Alternatively, defensive systems could be attacked repeatedly and, after each time the attack was defeated, AI could alter the attack a little and try again. In that way, the attacker could persistently change its signature just enough so that it no longer matched what the defense was looking to block, but it would have sufficient functionality for the attack package to remain effective. Hackers have been doing this manually, testing their attack tools against antivirus software, but AI/ML would do this so much faster and more effectively.

Hackers have a big data problem too: lots of personally identifiable information stolen from hundreds of companies. An expert at McAfee has publicly discussed how AI could be used to plow through the troves of data that hackers have already stolen from numerous databases. Data in only one database may not be sufficient for the hacker to successfully impersonate you, but by using AI, they could scan multiple databases they had hacked and compile a sufficient amount of information to successfully impersonate your online identity. Maybe they have discovered your password on one website, and then they use the same password successfully to get into a secure network, pretending to be you, because you made the mistake of using the same password on multiple applications. You don’t do that, do you?

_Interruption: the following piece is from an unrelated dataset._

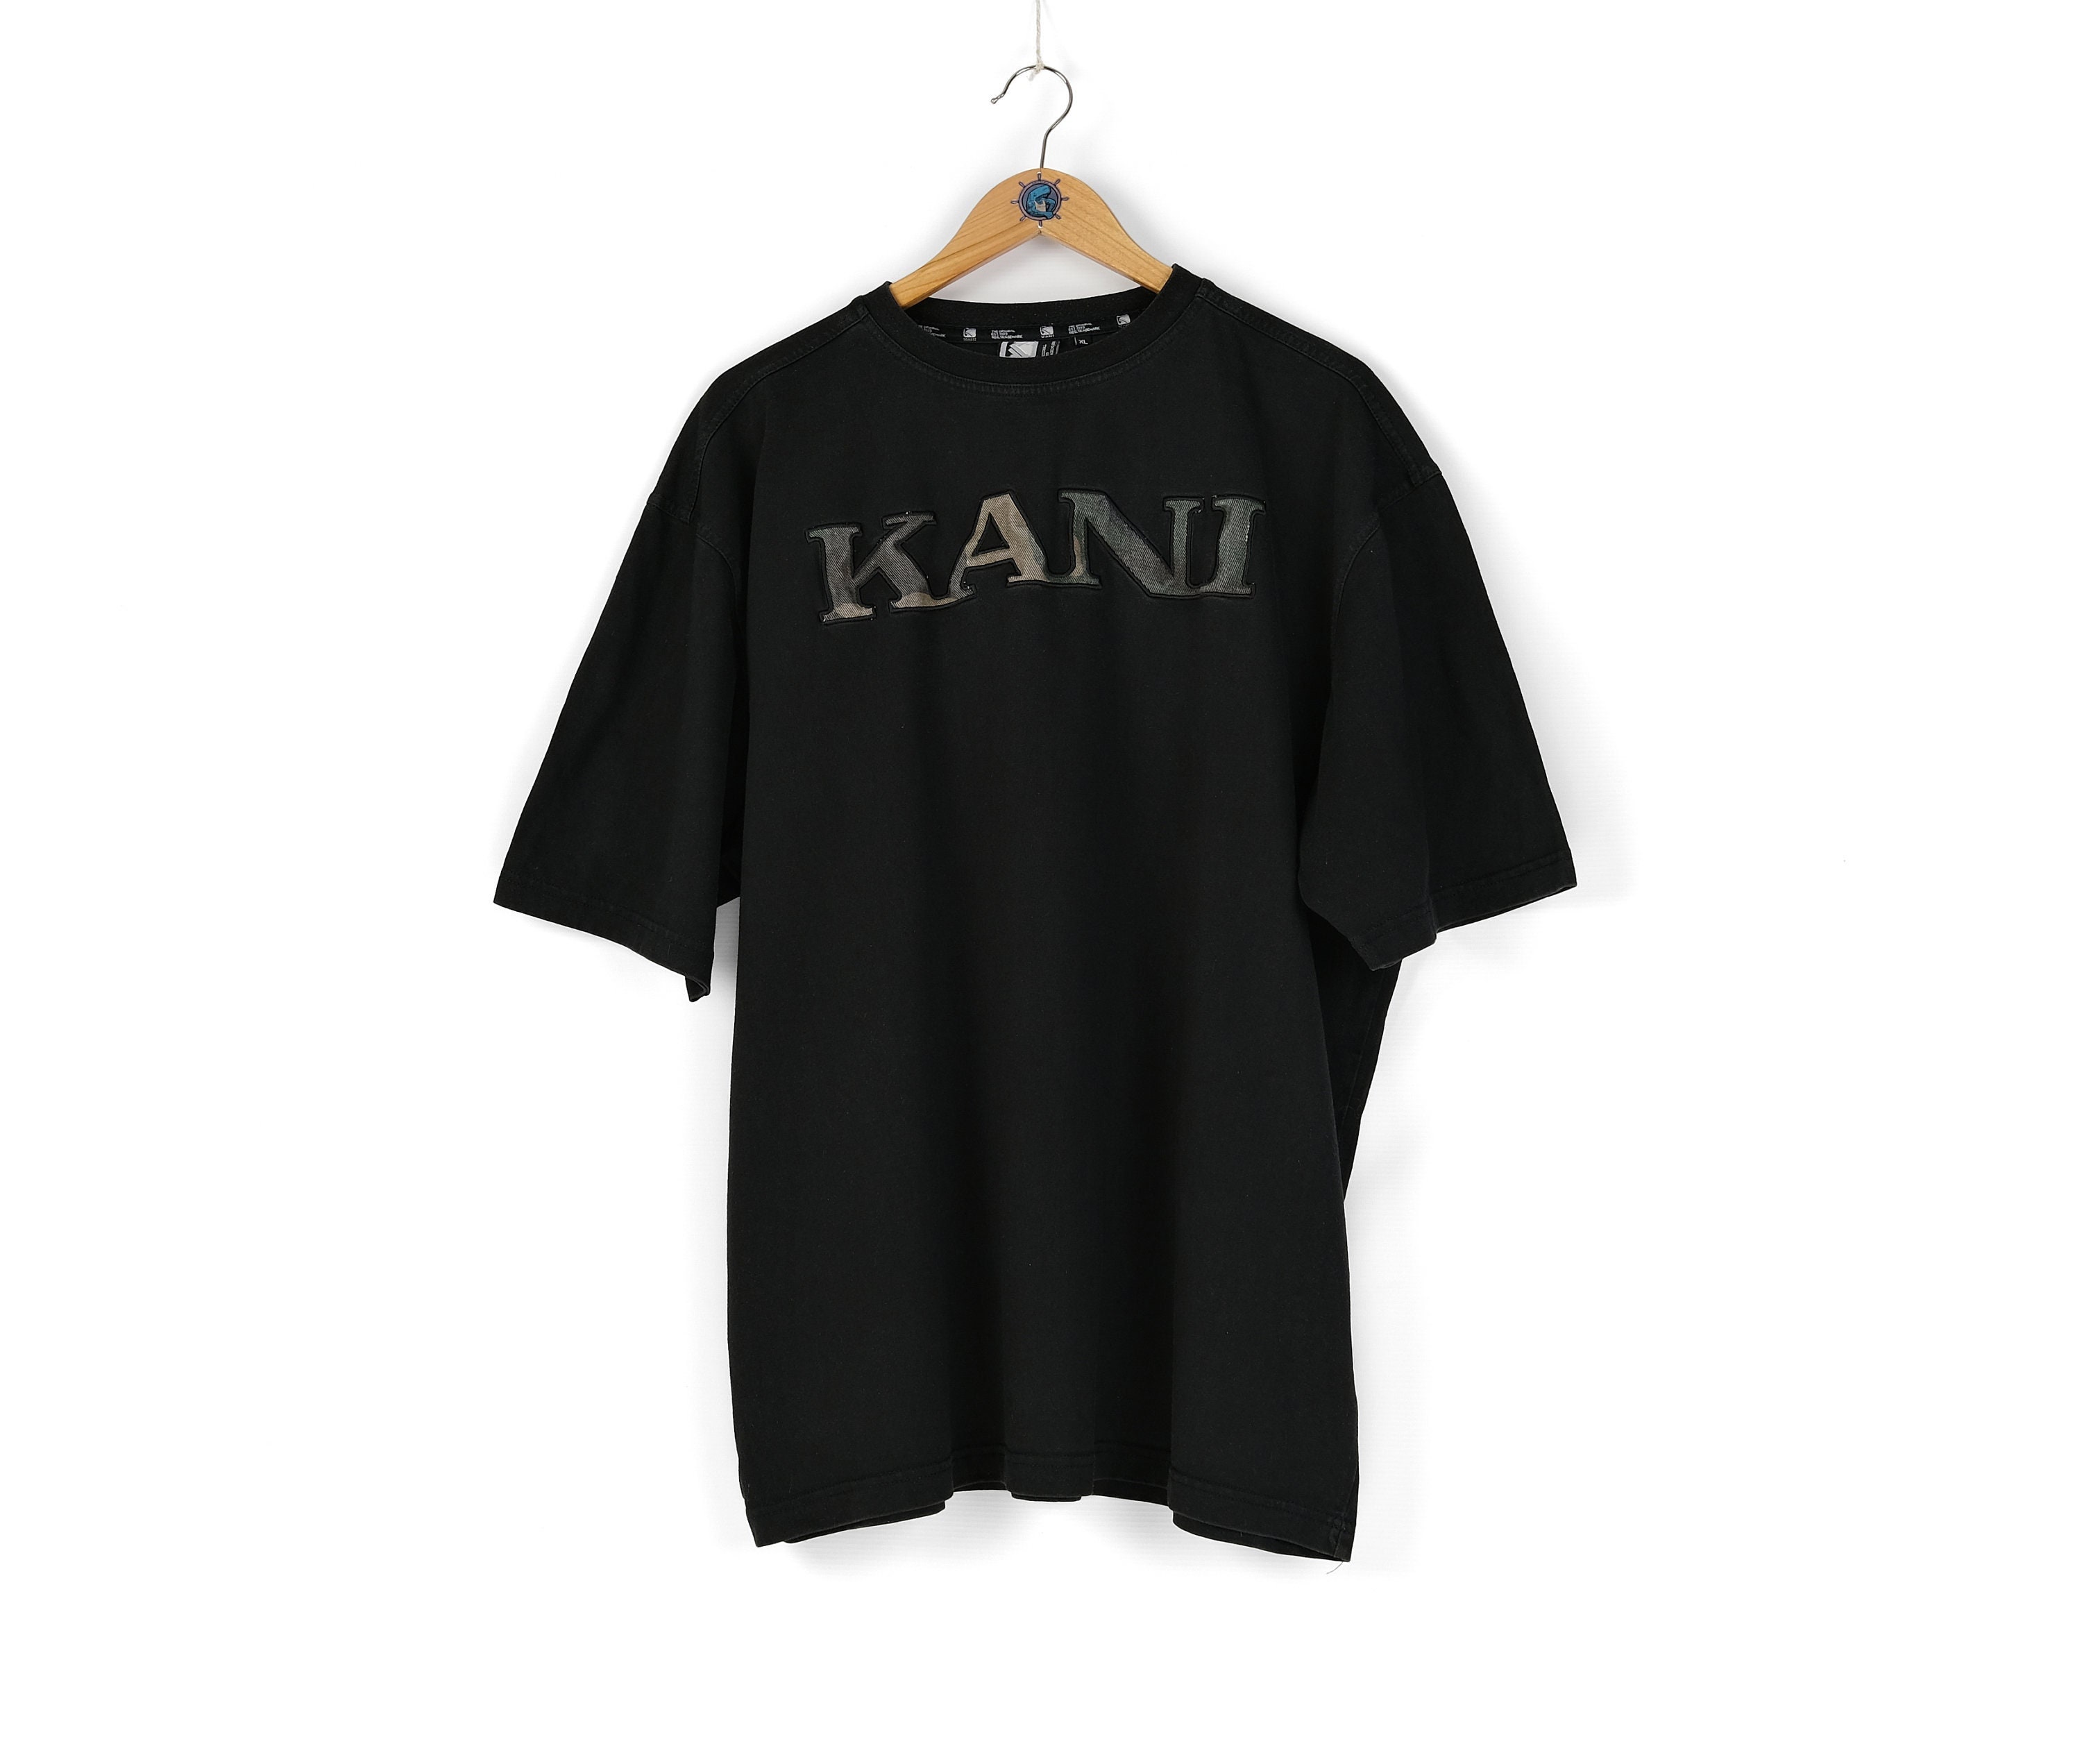 Candles Meal poets Vintage Men's KARL KANI Big Embroidered Logo Black T-shirt - Etsy

Neglected Defensive Potential

In the next three to five years, we are likely to see continued growth in the use of AI/ML as a part of applications that will do specific defensive tasks better than they are now being done. AI/ML use will become more sophisticated in one-trick security applications doing identity and access management, privileged access management, endpoint protection, and vulnerability scanning. Some vendors will incorporate the technology into their defensive applications more successfully than others. Already companies like Illumio are beginning to apply AI/ML to assist in network management orchestration. Some network operators will buy the better products, others will fall for flawed defensive applications, and some will neglect to buy cybersecurity products incorporating AI/ML technology altogether. Many cyber vendors will claim that they have an AI/ML application that will do everything, but they will be, to put it kindly, exaggerating.

The Network Master controller AI/ML for cybersecurity is unlikely to emerge soon for the reasons we have discussed. A time frame of three to six years from now is more likely. On the other hand, AI/ML for the offense, something like the weaponization of the 2016 DARPA Grand Challenge, is probably already in use to some degree and is likely to grow steadily in its application by a small set of nation-state actors. If recent history is any guide, such technology will eventually make its way into the hands of the second-tier nations and to nonstate actors. This second tier of players may not use AI/ML attack tools in as sophisticated ways as the U.S. and Chinese governments will, but AI/ML will still make them much more capable of successful attacks than they are currently.

On balance, in the near term the growing use of AI/ML in defensive software is likely to increase the ability of the defenders, unless they are being attacked by a sophisticated and determined state actor using AI/ML offensively.